As above however in a few years children/teenagers will have to stay in schooling till 18 under the new laws brought out, but thats got another 2/3 years yet I think.


----------



## bky

When they say college they mean something more like what you'd call high school. In North America college= university or similar post-public education. In North America you have elementary, middle (or junior high) and high school, elsewhere (here, and the UK, probably Australia too), it's primary, and so on as pp said. :)
It is a bit of a different system, but mostly different names.


----------



## Lucy22

Most people think Ireland and UK are the same but we have completely different education systems. :dohh:

Primary school is attended from ages 5-12.

Aged 12, kids start secondary school. They finish secondary school after another 6yrs, usually aged 18.

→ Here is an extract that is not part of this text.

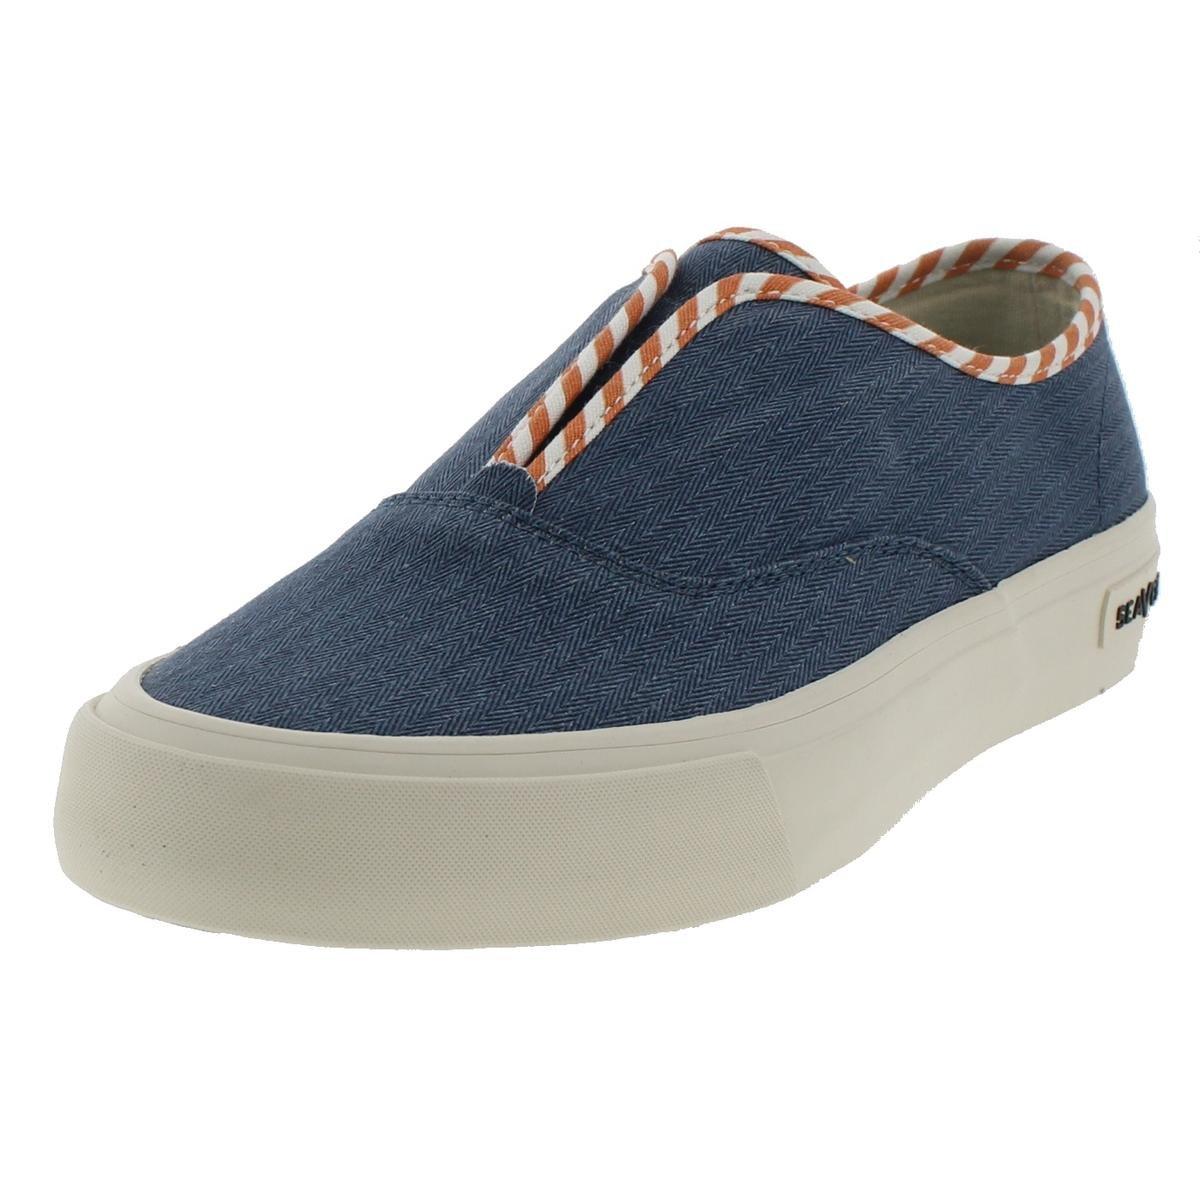 SeaVees Women's 01/64 Sunset Strip Regatta Fashion Sneaker, Riviera Blue, 9 UK/9 M US

Based on the results of their Final State Exams, taken aged 18, students apply to university. Places aren't guaranteed, its quite difficult to get into university/college.

Teenagers can get a part time job aged 16, but can only work for a certain amount of hours till the age of 18.

Our University system is ridiculous - This year, 77,000 students applied to College/University. There are only 60,000 places. So many kids will lose out because the system is so difficult to break in to.

I'm 22 and I just finished uni this year. It was near impossible at times but I'm glad I've made the effort, even though the hassle of going when I had a LO was sometimes more trouble than its worth.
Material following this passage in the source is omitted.